また、棒金ドロア506と棒金筐体503との間には、棒金制御部502に接続されたロータリエンコーダ(変位検出部)510(図5参照)が設けられており、棒金ドロア506の棒金筐体503に対する位置を検知することができるようになっていてもよい。また、棒金筐体503内には第一光センサ511(図5参照)が設けられていてもよい。そして、第一光センサ511において光が遮断されるか否かに関する情報とロータリエンコーダ510からの位置情報とによって、棒金の有無を検知するだけでなく棒金の直径を検知することができ、棒金の金種の判定することができるようになっていてもよい。図2に示す態様では、棒金ドロア506の底面に開口部525が形成されており(図2参照)、この開口部525を第一光センサ511からの光が透過することになる。この態様を採用した場合には、棒金筐体503に対して棒金ドロア506を開ける間又は棒金筐体503に対して棒金ドロア506を閉める間に、第一光センサ511及びロータリエンコーダ510によって、棒金の有無及び棒金の直径に関する情報が取得される。したがって、この態様では、第一光センサ511及びロータリエンコーダ510は、棒金ドロア506に収納されている棒金に関する収納棒金情報を取得する「棒金情報取得部」に含まれることになる。収納棒金情報には、典型的には棒金ドロア506に収納されている金種別の棒金本数が含まれるが、棒金ドロア506に収納されている棒金の総本数のみが含まれてもよいし、棒金ドロア506に棒金が収納されているか否かのみが含まれてもよい。なお、棒金の中央に穴が設けられているか(5円硬貨及び50円硬貨を参照)を検知するための第二光センサ512(図5参照)が設けられていてもよく、この場合にはこの第二光センサ512も棒金情報取得部に含まれることになる。また、棒金ドロア506内に収納された棒金の全てを第一光センサ511で検知するために、棒金ドロア506が棒金筐体503に対して所定の位置以上に開いた状態になったかを検知する開放検知部(図示せず)が設けられてもよい。

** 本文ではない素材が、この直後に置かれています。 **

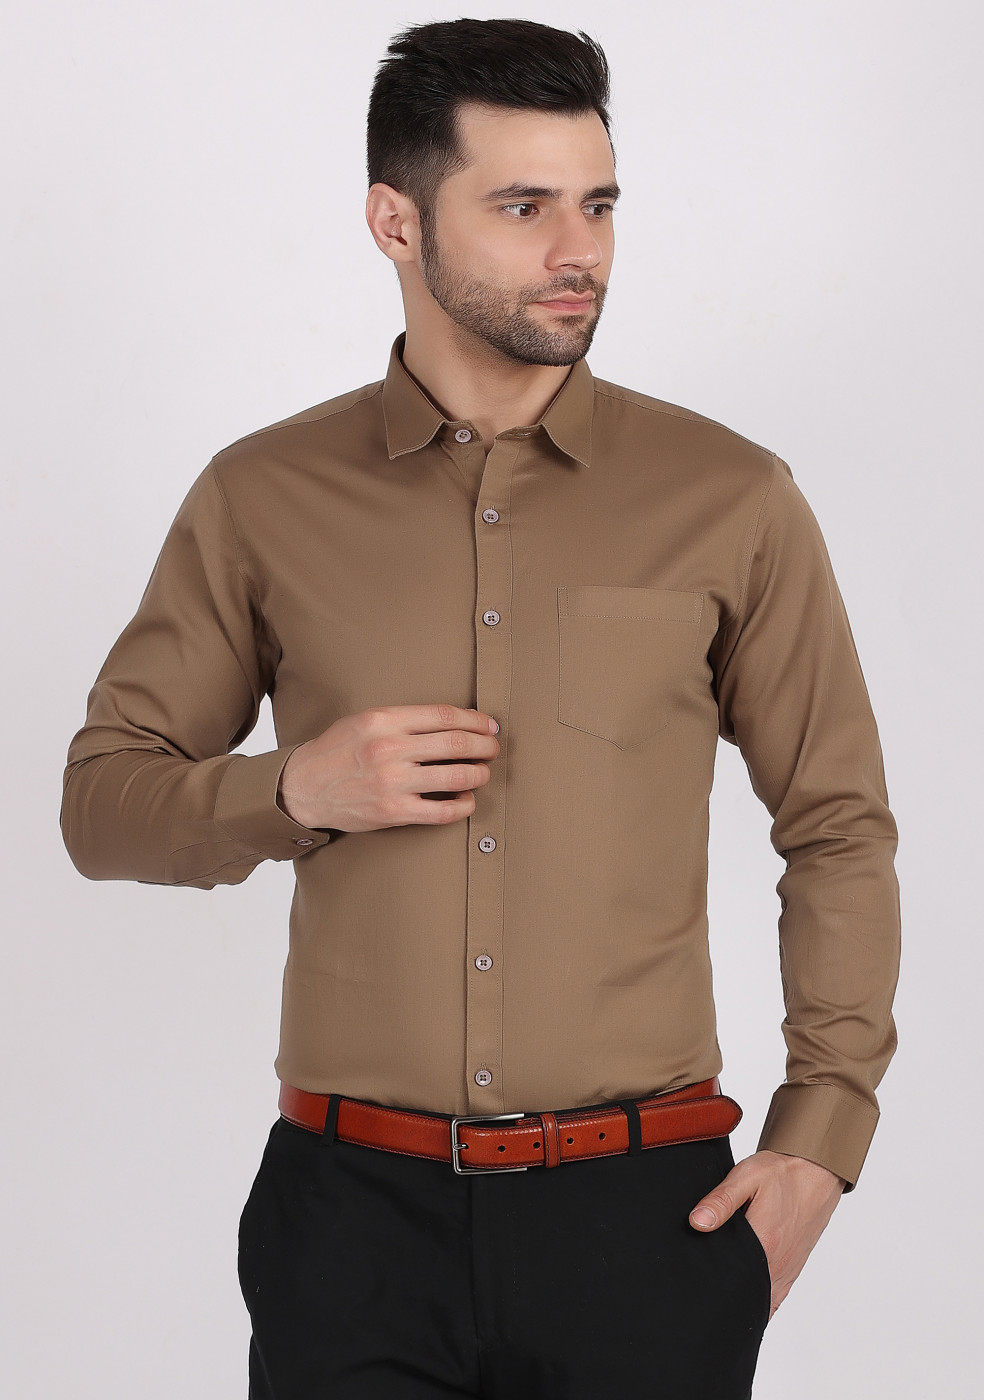 ASHTOM Khaki Plain Cotton Shirt For Men

ちなみに、棒金の有無を検知するだけならば例えばレバー513(図5参照)や第三光センサ514(図5参照)を各棒金収納部520に設け、当該レバー513が押された場合や第三光センサ514からの光が遮光された場合には当該棒金収納部520内に棒金が有ると判断され、レバー513が押されない場合や第三光センサ514からの光が遮光されない場合には当該棒金収納部520内に棒金が無いと判断されるようにしてもよい。この場合には、レバー513及び第三光センサ514も棒金情報取得部に含まれることになる。
また、上述したような態様に限られることはなく、棒金筐体503内に走査可能な走査センサ515(図5参照)が設けられており、棒金ドロア506が棒金筐体503に対して閉まっている間に当該走査センサ515が棒金筐体503内を走査することで棒金ドロア506に収納されている棒金の直径を検知し、棒金の有無を検知するだけでなく、棒金の金種を判定することができるようになっていてもよい。このような走査センサ515による検知は、棒金ドロア506が棒金筐体503に対して閉じられた後で自動で開始されてもよいが、棒金ドロア506が棒金筐体503に対して閉じられた後で操作表示部152やPOS操作部352等から所定の入力が行われることで開始されてもよい。この態様を採用した場合には、走査センサ515が「棒金情報取得部」に含まれることになる。この場合にも、棒金の中央に穴が設けられているかを検知するための第二光センサ512が設けられていてもよく、この場合にはこの第二光センサ512も棒金情報取得部に含まれることになる。
また、各棒金収納部520に棒金が収納されているか、また、収納されている棒金の材質を検知する材質検知センサ516(図5参照)が設けられており、この材質検知センサ516からの情報に基づいて、各棒金収納部520における棒金の有無及び棒金の金種の判定することができるようになっていてもよい。この態様を採用した場合には、材質検知センサ516が「棒金情報取得部」に含まれることになる。この場合にも、棒金の中央に穴が設けられているかを検知するための第二光センサ512が設けられていてもよく、この場合には第二光センサ512も棒金情報取得部に含まれることになる。この態様では、棒金ドロア506を棒金筐体503に対して開閉したり、閉じた状態にしたりせずとも、各棒金収納部520に収納されている棒金の金種を検出することができる。ちなみに、1円硬貨はアルミニウムからなり、5円硬貨は黄銅からなり、10円硬貨は青銅からなり、50円硬貨及び100円硬貨は白銅からなり、500円硬貨はニッケル黄銅からなっている。棒金の金種を検知する際には、硬貨の材質で概ねの区別を行い、その後で、穴の有無を(場合によっては硬貨の径も)用いて棒金の金種を決定すればよい。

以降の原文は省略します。